I am new to Python and as my first project I am attempting to convert a Python2 script to Python3.
The script is failing when it attempts to serialize a class using pickle.
It seems as though it is failing as I am trying to save a class which uses the Cmd CLI.
This code works using Python2.
Can anyone tell me what is wrong with the script and how I fix it?
import sys
import cmd
try:
import pickle as pickle
except:
import pickle
import os.path
def main():
app = Labyrinth()
turnfile = "turn0.lwot"
app.Save(turnfile)
class CLI(cmd.Cmd):
def __init__(self):
cmd.Cmd.__init__(self)
class Labyrinth(cmd.Cmd):
def __init__(self):
cmd.Cmd.__init__(self)
def Save(self, fname):
with open(fname, 'wb') as f:
pickle.dump(self,f, 2)
f.close()
print ("Save Successful!")
sys.exit()
if __name__ == '__main__':
main()
Not all objects are picklable. In particular, file objects are problematic because you can't generally restore their state later. cmd.Cmd holds stdin and stdout file objects and that should make them unpicklable. I was quite surprised that it worked in python 2, but it didn't really... Even though the stdin and stdout pickled, the unpickled object you get back later doesn't work, as in this example:
>>> import sys
>>> import pickle
>>> sys.stdout.write('foo\n')
foo
>>> serialized = pickle.dumps(sys.stdout, 2)

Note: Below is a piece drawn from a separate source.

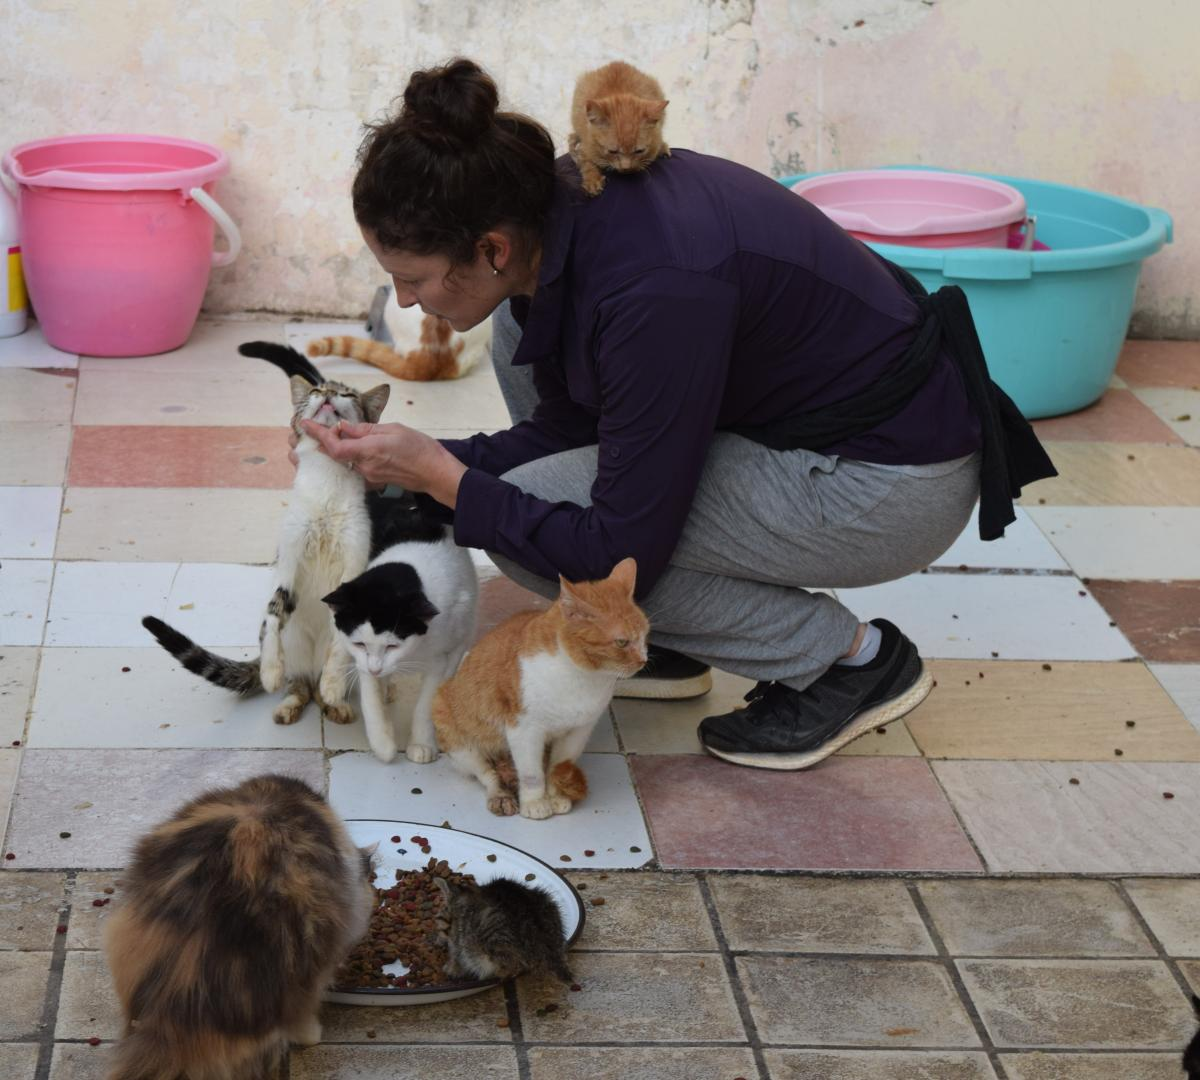 Volunteer Kaitlyn Schultz spends her Saturdays tending to some 50 cats on this Rabat rooftop.
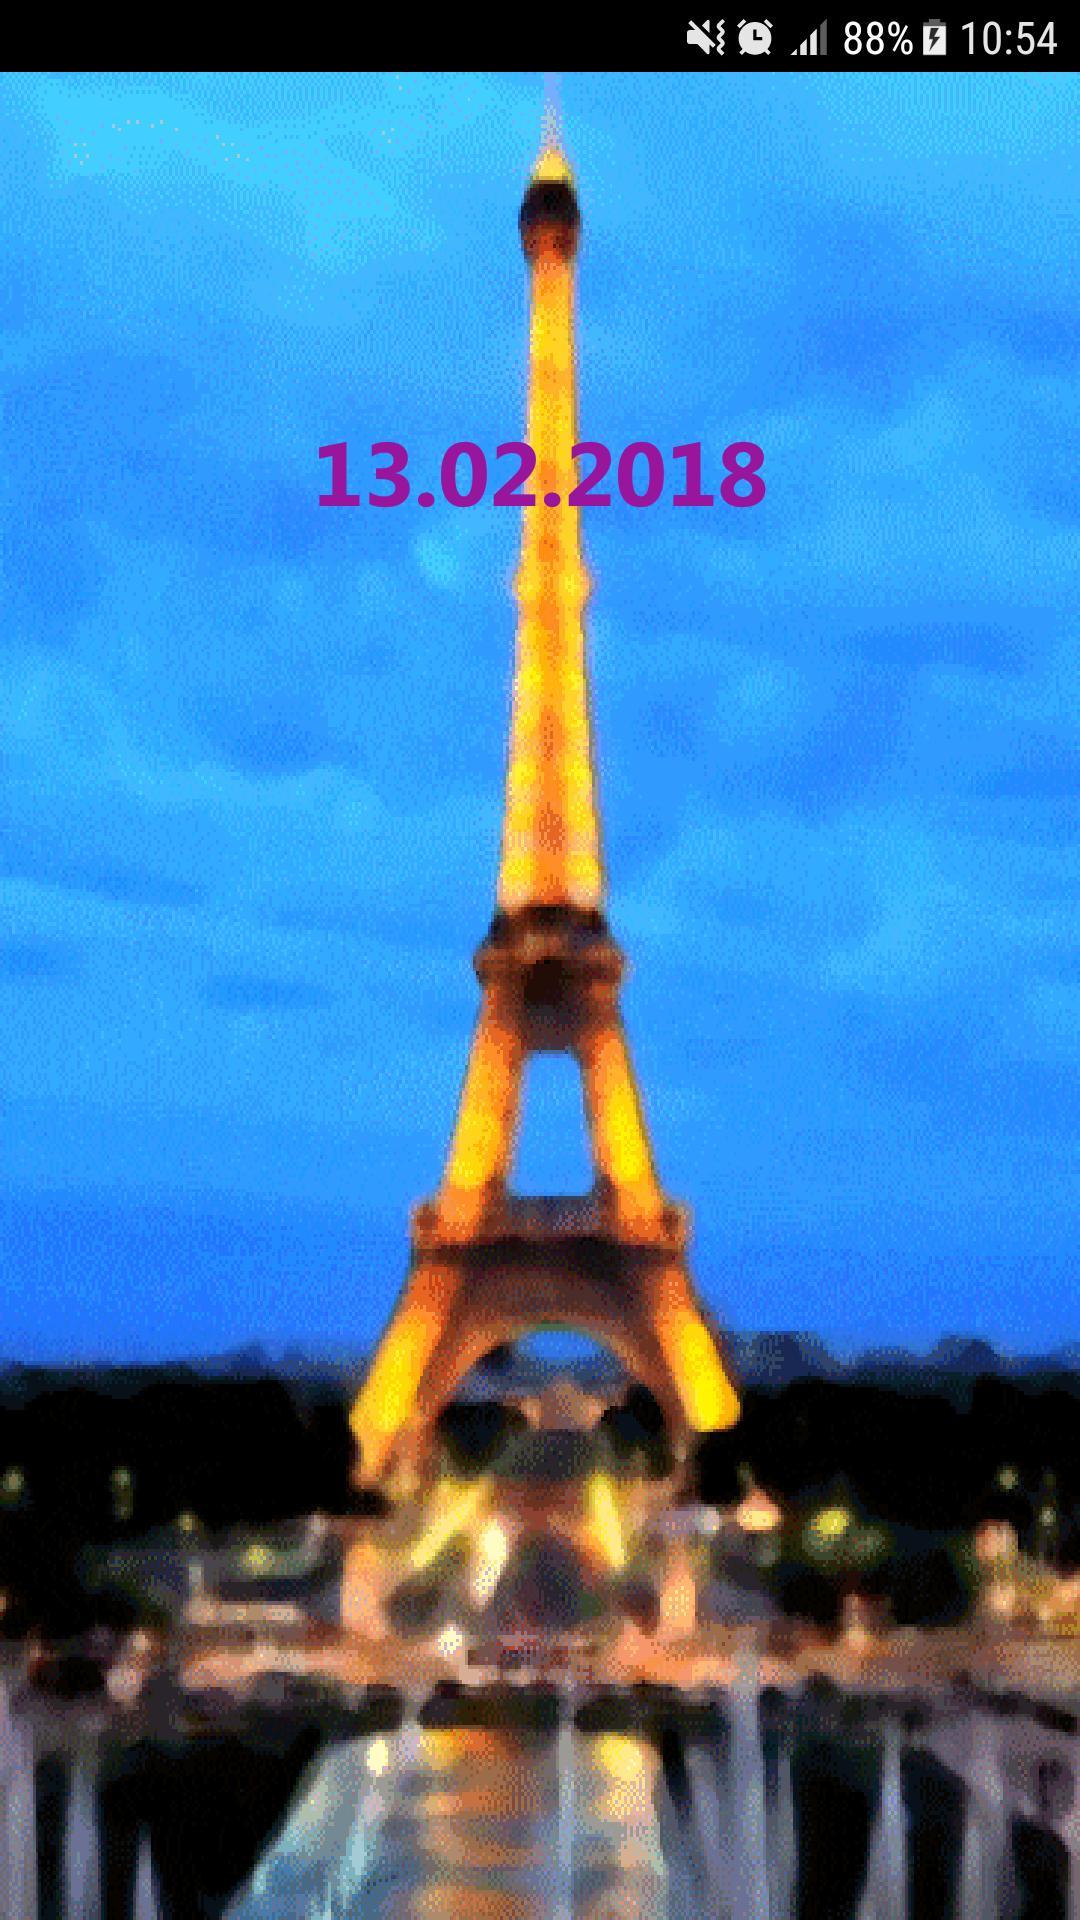 Wallpaper Menara Eiffel Paris Layar Kunci For Android APK

>>> stdout = pickle.loads(serialized)
>>> stdout.write('bar\n')
Traceback (most recent call last):
File "<stdin>", line 1, in <module>
ValueError: I/O operation on closed file
>>>
So, even though this bit of code didn't fail, the object shouldn't be usable later. You can add a few special methods to an object that let you fix objects so they can be serialized. Here, I've stripped the bad attributes on save and added them back on restore. Now you can pickle, unpickle and it actually works when you are done.
import sys
import cmd
try:
import cPickle as pickle
except:
import pickle
import os.path
def main():
app = Labyrinth()
turnfile = "turn0.lwot"
app.Save(turnfile)
class CLI(cmd.Cmd):
def __init__(self):
cmd.Cmd.__init__(self)
class Labyrinth(cmd.Cmd):
def __init__(self):
cmd.Cmd.__init__(self)
def Save(self, fname):
with open(fname, 'wb') as f:
pickle.dump(self,f, pickle.HIGHEST_PROTOCOL)
f.close()
print ("Save Successful!")
sys.exit()
def __getstate__(self):
# stdin/out are unpicklable. We'll get new ones on load
return tuple(((k,v) for k,v in self.__dict__.items()
if k not in ('stdin', 'stdout')))
def __setstate__(self, state):
self.__dict__.update(state)
self.stdin = sys.stdin
self.stdout = sys.stdout
if __name__ == '__main__':
main()
Playing with the protocol doesn't help. The full error message (which you should have included) is:
1027:~/mypy$ python3 stack41334887.py
Traceback (most recent call last):
File "stack41334887.py", line 33, in <module>
main()
File "stack41334887.py", line 14, in main
app.Save(turnfile)
File "stack41334887.py", line 27, in Save
pickle.dump(self,f, 3, fix_imports=True)
TypeError: cannot serialize '_io.TextIOWrapper' object
Python3 made some major changes in the io system. This TextIOWrapper is, I think new to Py3.
https://docs.python.org/3.1/library/io.html#io.TextIOWrapper
Can I use multiprocessing.Pool in a method of a class? also had problems serializing a TextIOWrapper.
=========
So inspireed by #tdelaney, I checked the stdin for my PY3 session:
In [1212]: sys.stdin
Out[1212]: <_io.TextIOWrapper name='<stdin>' mode='r' encoding='UTF-8'>
So that's the thing that can't be serialized.